That’s really smart. And actually, JoDee does a very good job at flexing her style. Empathy – although for StrengthsFinder, it’s really low for her, she knows when to flex it. So I have no doubt, JoDee, you can keep doing change.
Yeah, but that is, like… Whitney, the way you just asked that question, like, that’s the question that I have to think about it in terms of, you know, if I think, like, “do this with empathy,” I might be like, “oh, gosh, well, I don’t know how to do it,” but if I just think very strategically, and what do I have to say that won’t make them flip out? Right?
That’s very practical.
Then I’m like, “Okay, I can.” Yes, I’m practical, just not naturally empathetic.
And you know, that’s fine, as long as you can put it in that gear and go from there. Because the more leaders work on the front end to craft the message in a way that it’s receivable, the less time they have to spend on the back end trying to get everybody to calm down and cooperate. Because that’s where those change initiatives crash.
That makes sense. So one of the things that we’ve always heard is that make sure you’re communicating with all the stakeholders, everybody who needs to know. So Whitney, how do you know that you’re communicating with the right people during times of change?
That’s a hard question. I think it’s it’s not as simple as it seems, because lots of organizations are very collaborative. There’s a lot of crossover, and sometimes there’s crossover at the front lines that the executive level doesn’t know about, and so understanding that it’s hard to make truly siloed change in any organization. So I think you start by being as inclusive as possible, carefully sitting down and cataloging, who will this change primarily impact? And then investigate the ripples. So how significant are the ripples from that core group? And then at the end of the day, send out an invite and invite everybody. Like, from a practical perspective, if you want to come, come. Because we should be able to be transparent. There is very little we can’t share once we’ve developed a plan and we have a process and we know we need to change. Why wouldn’t you want everybody’s input? You don’t have to take it.
Right? You don’t have to listen to every single thing you get. But why wouldn’t you invite people to the table in your own organization?
And Whitney, as you talk about this communication, how can HR specifically or people experience teams help with this organizational communication?
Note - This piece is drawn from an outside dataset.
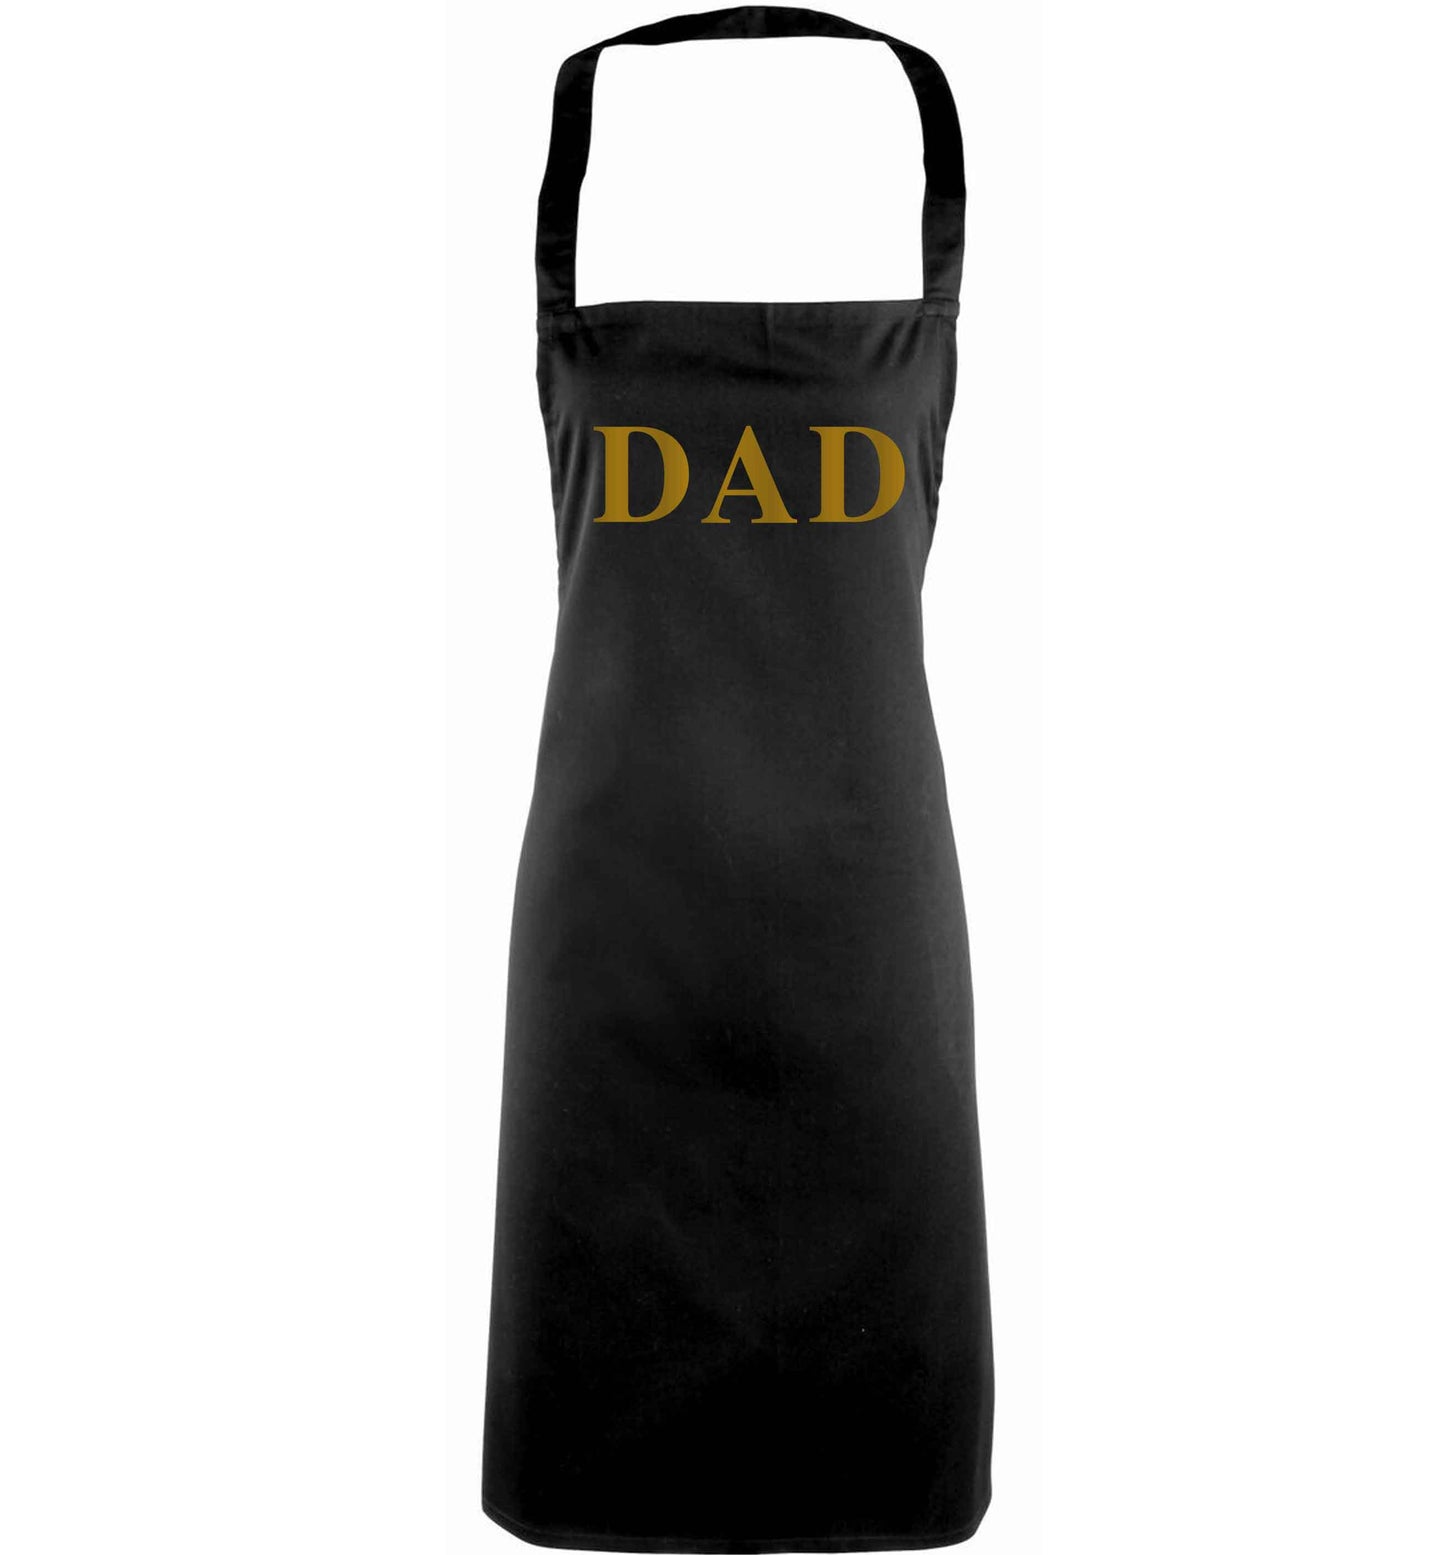 Dad adults black apron
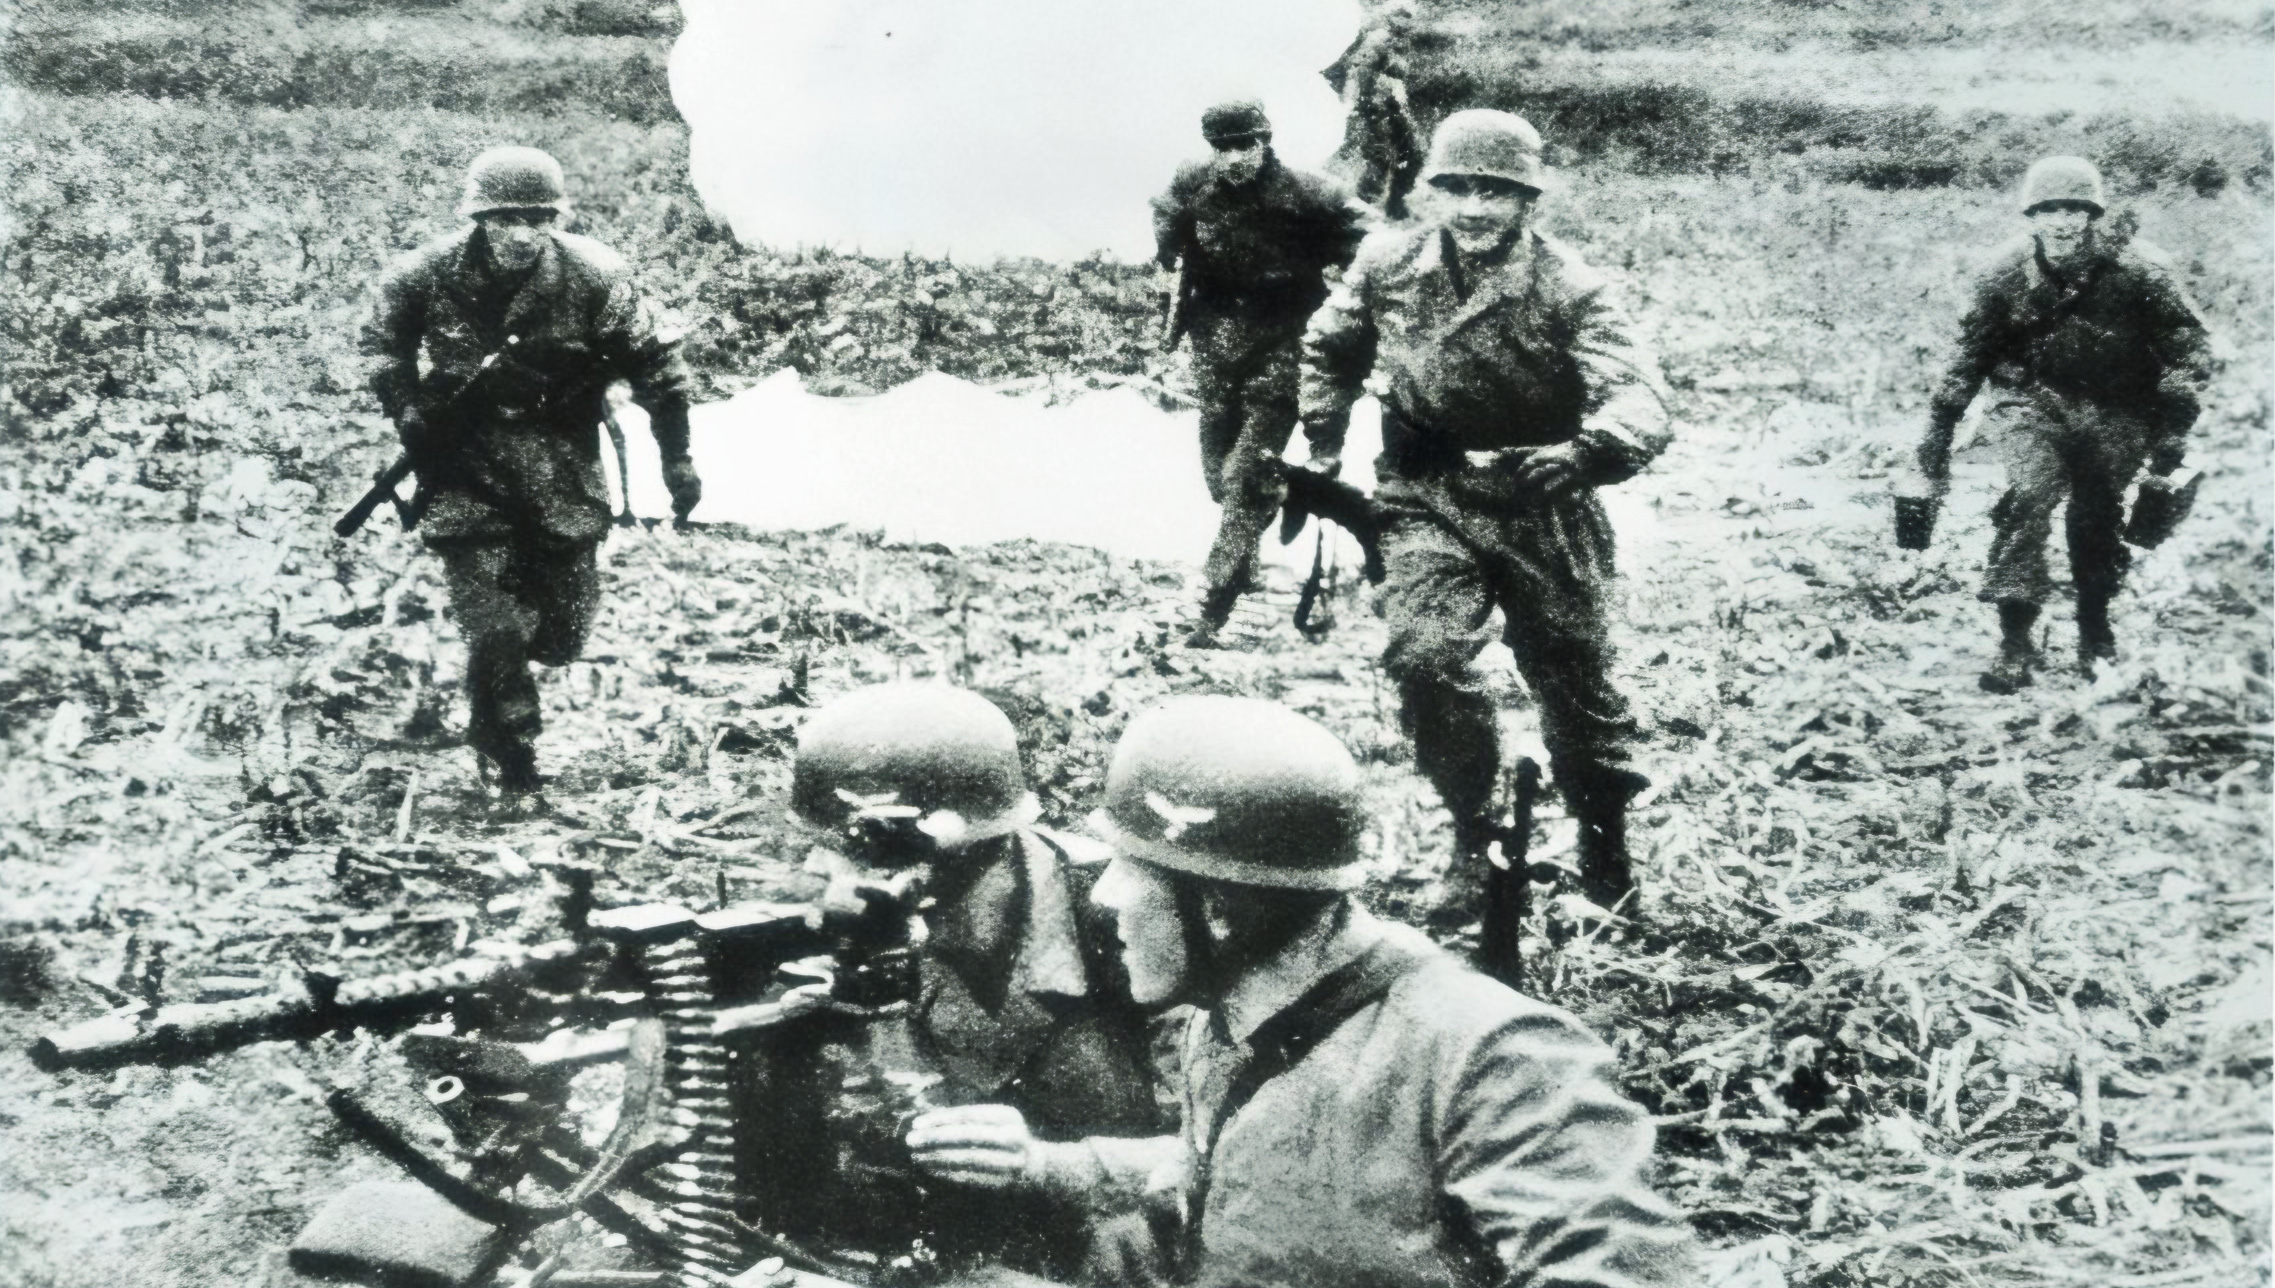 German paratroopers rally after landing as their comrades keep a watchful eye behind a menacing MG34 machine gun.

I think that you can really get a lot of benefit by engaging people experience and HR teams as thought leaders and partners in this space, because they often know more about the inner workings of departments. They know employees often better than top management does, and they can help to uncover potential landmines in communication and resistance. And that social science and brain science part, because many of us in the HR space have training in that area and they can help both executives and the communications team craft messaging that will meet the needs of the population because they… they truly know them better than anybody else.
Yeah. I love it.
And Whitney, how can our listeners reach out to you if they wanted to continue this discussion or maybe get some help on a change effort that they’re wrestling with?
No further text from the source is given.